Q&A with LivingVertical founder Stephen Richert

With permission from Team LivingVertical

LivingVertical founder Steve Richert climbing in Coopers Rock, VW. | With permission from Team LivingVertical |

Climb your way to the top.

Literally.

Steve with his wife Stephanie and their newborn baby. | With permission from Team LivingVertical |

Steve with his wife Stefanie and their newborn baby. | With permission from Team LivingVertical |

Steve Richert founded Living Vertical in August 2011. His website says LivingVertical was born, “to create and promote a ‘new normal’ of life with diabetes by showing PWD (People with diabetes) taking on extraordinary feats in the vertical world. We are committed to changing the perception of diabetes and its limitations through our Films and Climbing Projects.”

Steve is ready to break history and needs your support. Check out his video about what his latest project is all about.

Steve was nice enough to do a Q&A with me. As you’ll see below, Steve answers with honesty and heart.

His answers really blew me away and I hope you can appreciate the depth of his answers as I do.

How has physical activity helped you in your diabetes management?

Physical activity (in general) is one non-medical thing we can do to improve our health and combat diabetes. It is how we can take control and “reverse” the sickness by increasing health. I think simply the psychological element of that has been the most beneficial element. It also gives a positive incentive to all of the dietary micromanagement. My wife one day pointed out that my dietary regimen is akin to an olympic athlete and I realized that fine tuning our diet to yield higher performance is a gift that diabetes has given me. Fitness and physical activity is how we capitalize on that.
Climbing came along when I got burned out on fitness for fitness sake. Going to the gym and exercising to look better or feel better just stopped really motivating me after several years. I spent some time in the “hating exercise” boat. Turned out, I needed to have a reason to be exercising, a narrative that was more than just trying to outplay the diabetes. Getting outside and being free–getting exercise but not “exercising” led me to photography and filmmaking and it gave me a reason that, in plain speak, did not suck–to be pushing myself further–and finding ways to bring my diabetes with me.
Lows during exercise…I adjust my mealtimes such that my bolus is out of my system around the time that I start exercising. This makes highs gentle enough that they settle out of their own accord and lows “slow” enough that I am not scrambling to pack my face with sugar. I can usually get by eating what feels like normal snacks at regular intervals. Avoiding the rapid is the key.
With permission from Team LivingVertical

This is Blake McCord, drilling on the lead on a recent new route expedition on the Acopan Tepui in Venezuela. What might not be obvious is that Blake has had #diabetes since he was ten. There’s a lot that’s not obvious about diabetes, like the fact that it can make you stronger and more motivated to #gobeyond. | Caption & photo with permission from Team LivingVertical |

How do you create a healthy living environment when so much of what you do revolves around diabetes?

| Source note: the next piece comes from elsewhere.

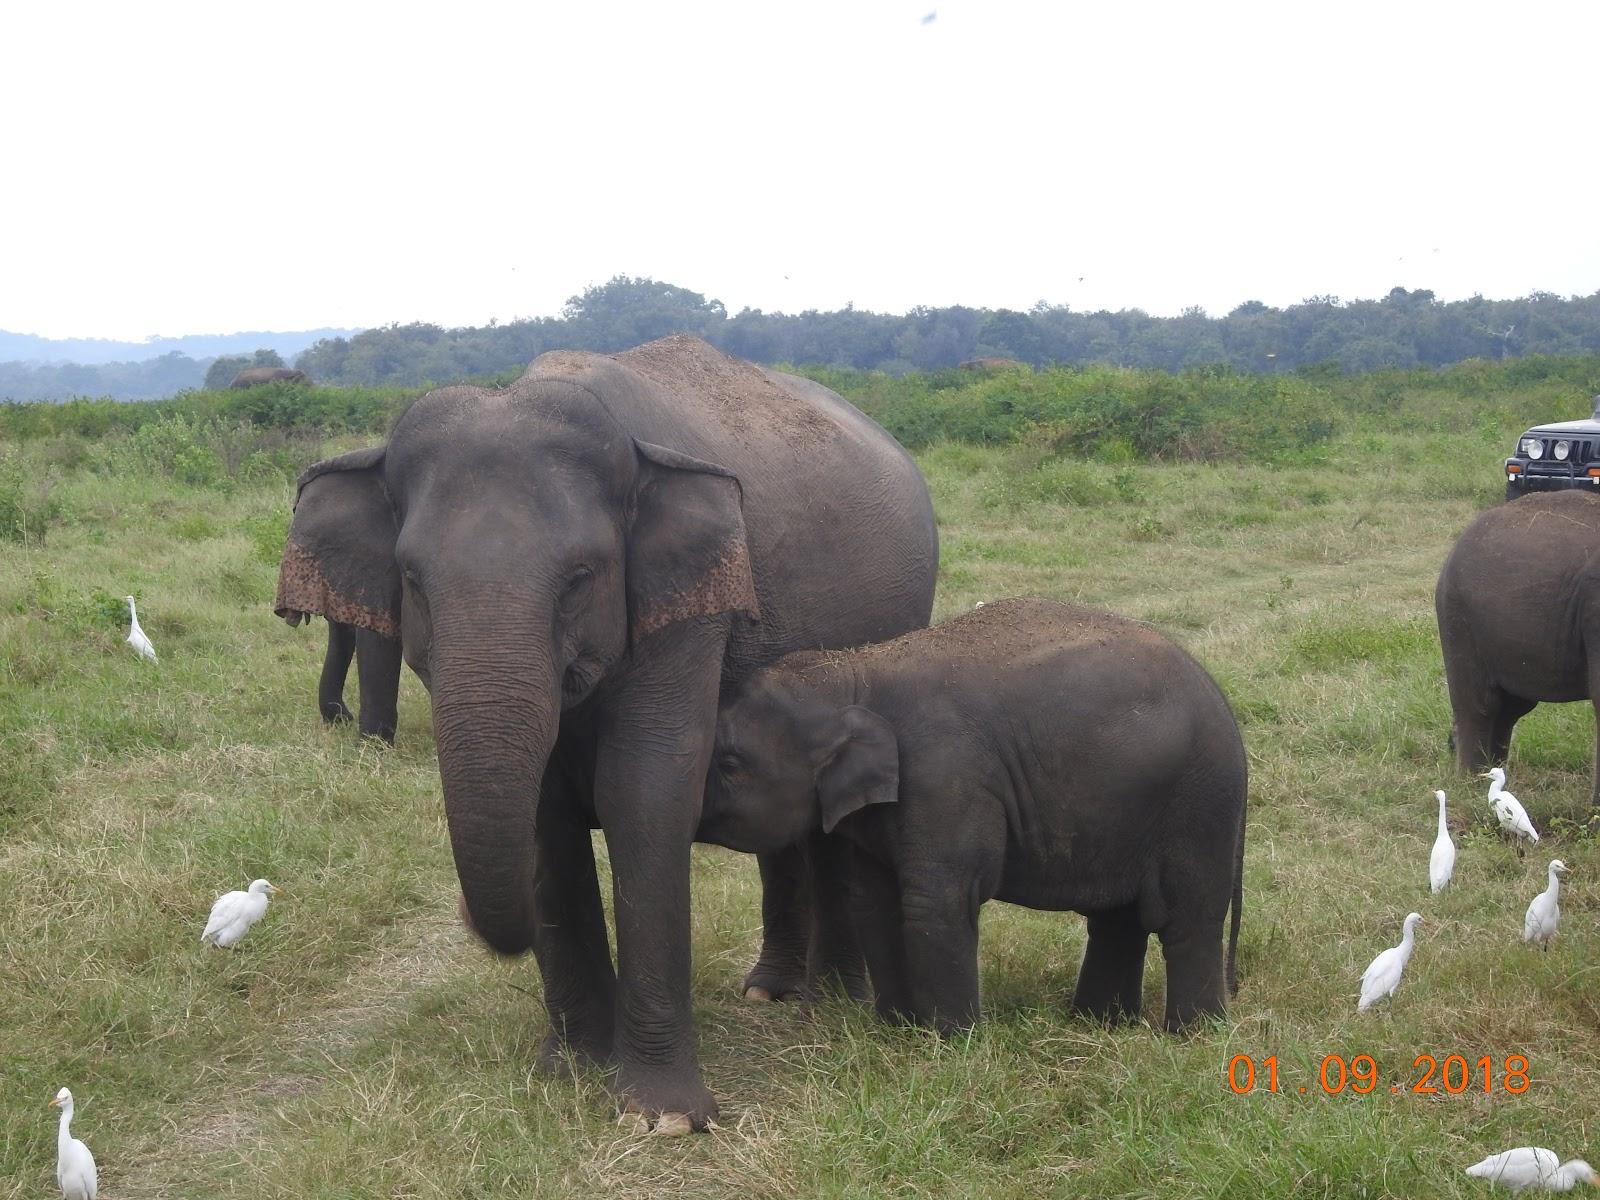 invite-to-paradise-sri-lanka-maldives-holiday-specialists-nutan-vidyut-patel-elephants-4.jpg

Staying positive has been my mission- to push back against both the “woe is me” and the somewhat carnivorous nature of diabetes advocacy- not by calling it out others, but simply by offering a clear alternative and letting those who can see the difference choose for themselves. Most people don’t understand the challenges of being truly grassroots unless they have experienced it themselves.
At times it feels like being stranded on this island where you write and write and post and publish and plan and work- only to have people seemingly not care.  Seeing the feeding frenzy for pharmaceutical industry dollars and not being the one getting flown to conferences all over the world and being hailed as a hero for creating newer, softer marketing for device and drug sales can get under your skin if you lose focus on why you’re there.
You have to find a way to make it fun. Care less and be free. Caring too much- or should I say, being too attached to an outcome- is not good. You have to follow your heart. Creating change and real advocacy isn’t just flowery nonsense- it’s gritty and raw in its execution. It’s rock and roll, not Justin Bieber. You have to abandon all of the modeling out there and let your advocacy come from the heart- where you hold onto the things worth fighting for. When you start to care or get weighed down by the struggle- step out of the ring and recharge.
I had a moment like that recently. My personal life was a wreck. I was about to become a parent. I was broke and pouring all my time and effort into making another climbing project that no one cared about. I was almost in tears on a daily basis- staying up till 4 am publishing blogs, getting no comments, meager amounts of likes on social media. It wasn’t good for me any more. So I stepped away. Took some time to cool off and stop feeling like I owed anyone anything to enjoyed my daughters arrival. I realized that none of this stuff really matters other than the good it does- so if it’s not doing any good, let it go!
Then I decided that I felt like getting my hands dirty again. So now I am back in the fight. But the difference is that now I am going at it for me. I’m not expecting anything from it so I am free to let it be organic.
I don’t think I have found balance. I only know that I am able to embrace what I do fully or step away from it fully- and feel good about it either way. Feeling that freedom is how I cope. Once you lose the freedom, the joy won’t last.
Awesome day out #bouldering with @laudahl who grabbed this photo--we beat the rain by enough time to get in a good session and some laps on this particular problem that I finally sent the other day after years of backing off the spicy moves up high. My hand is feeling good and my #diabetes is doing nothing. Just hanging out with me while I #climb. | Text & photo with permission from Team LivingVertical |

Awesome day out #bouldering with @laudahl who grabbed this photo–we beat the rain by enough time to get in a good session and some laps on this particular problem that I finally sent the other day after years of backing off the spicy moves up high. My hand is feeling good and my #diabetes is doing nothing. Just hanging out with me while I #climb.
| Text & photo with permission from Team LivingVertical |

What can we, as adults living with type 1 diabetes, do to become empowered? 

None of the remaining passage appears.